I am having a hard time writing and by that I mean I am not doing it at all. I don’t want to join the ranks of those miserably irritating writer/blogger types who wine incessantly about their writing blocks, but ugghh if it’s not a block it’s a definite jam and it is sorely felt. The issue is that I really don’t want to write about nothing, so I am looking for something to sink my teeth into. Prattling on about the daily minutia of life is just not doing the trick right now . I am still mostly entertaining thoughts about nothing, i.e. Kim K’s butt, Kim K’s front, fat people eating Mcdonalds, Iphone vs. Droid, a virtual celebrity death camp app that I would like to develop, how I want to name all my future children “Todd” etc. etc…..Yesterday I did spend the better part of an hour thinking about the holidays and what they mean to people, especially those people who are without people; a short but meaningful inner monologue took place in the adult corner of my mind about relationships and how sad it is that so many seem to fall apart over just sex. That last one I might be able to develop into a sufficiently scandalous and substantive write up, but I am not holding my breath. In the end nothing cohesive materialized, brain chatter subsided and settled all dew like at the floor of my cranium. Can’t drink dew.

I am trying now to start writing again with a mind to stumbling onto something that is more than nothing and perhaps actually worthy of a few semi thought out sentences and their readers.

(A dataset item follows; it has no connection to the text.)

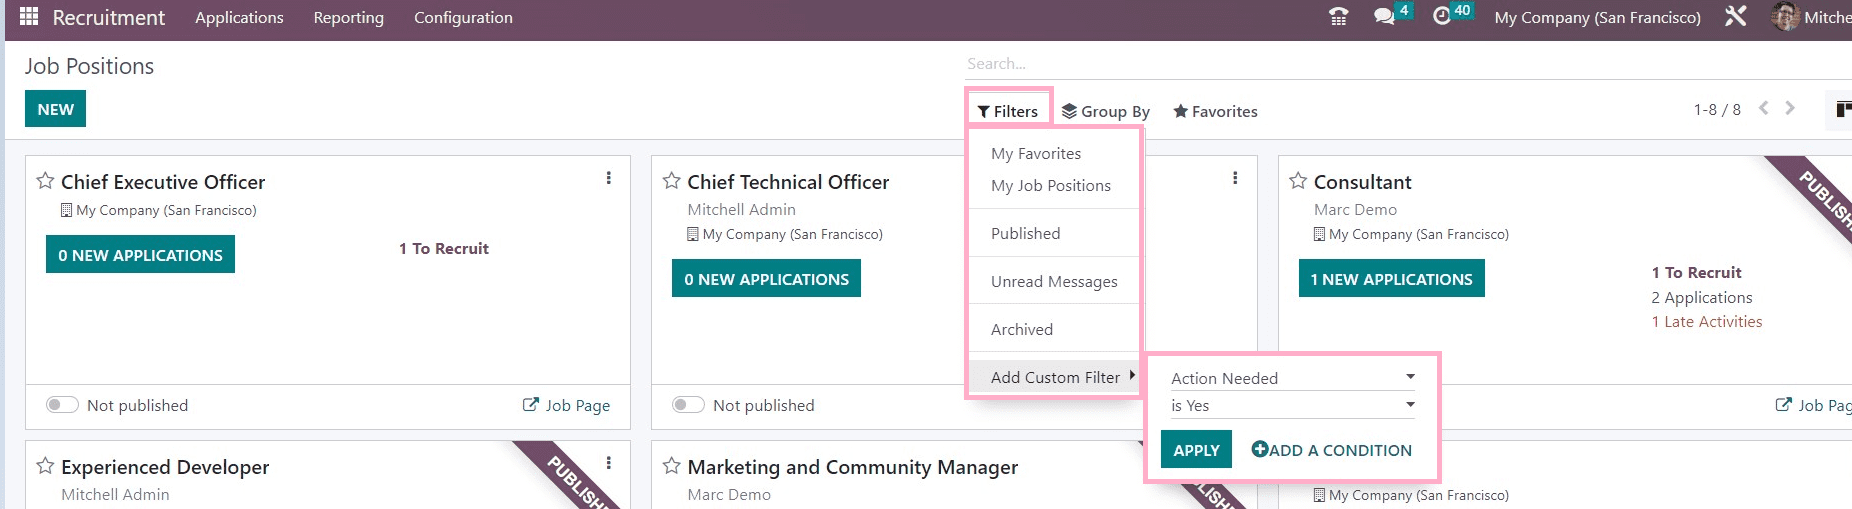 An Overview of Menu Options Available in the Odoo 16 Recruitment App-cybrosys

So, the other day I somewhat accidentally killed a mouse, my subsequent efforts to revive it proved in the end to be utterly futile and perhaps more harmful than not. I think I may have inadvertently prolonged its suffering and exasperated my own distress. Mice are the scourge of barns and tack rooms everywhere, and despite my best efforts to recognize all animals as innocent and deserving of life, I am prejudiced against them in the context of stables. As a barn person, I find it hard to see mice as anything more than galling, scurrying, pooping, manducating machines, undeterred by doors, walls or threats of violence and imminent death. My favorite sweater for example, that I still wear but only at home, had suffered complete disfigurement for their indiscriminate chewing, after I haphazardly left it on top of my tack trunk for a single night. Much of my tack, including pricy leathers and bridles had fallen prey to the insatiable appetites of mice invaders any time it was not properly stored or hung up. And actual feed? Forget about it, forget you know its name. Purina? Bran? Gold Standard? They will chew through every bag, every box and tunnel past most other containments, which wouldn’t really be that big of a deal, were they able to control their bowel movements. In case you didn’t know, they are not. They defecate it seems while eating, walking, sleeping and, I imagine, plotting. Mice are in this way just like babies… but don’t start me on babies. There is always mouse poo to be found ON my saddle, but this is only just gross and it merely vexes my delicate sensibilities. The poop they leave in the feed is a whole other issue, it renders the feed contaminated and often beyond use, it’s a real problem. Anyways, you can imagine how my relationship with barn mice is at best strained and certainly fraught with enmity, still my commitment to nonviolence means that I would never intentionally harm them or seek to displace them.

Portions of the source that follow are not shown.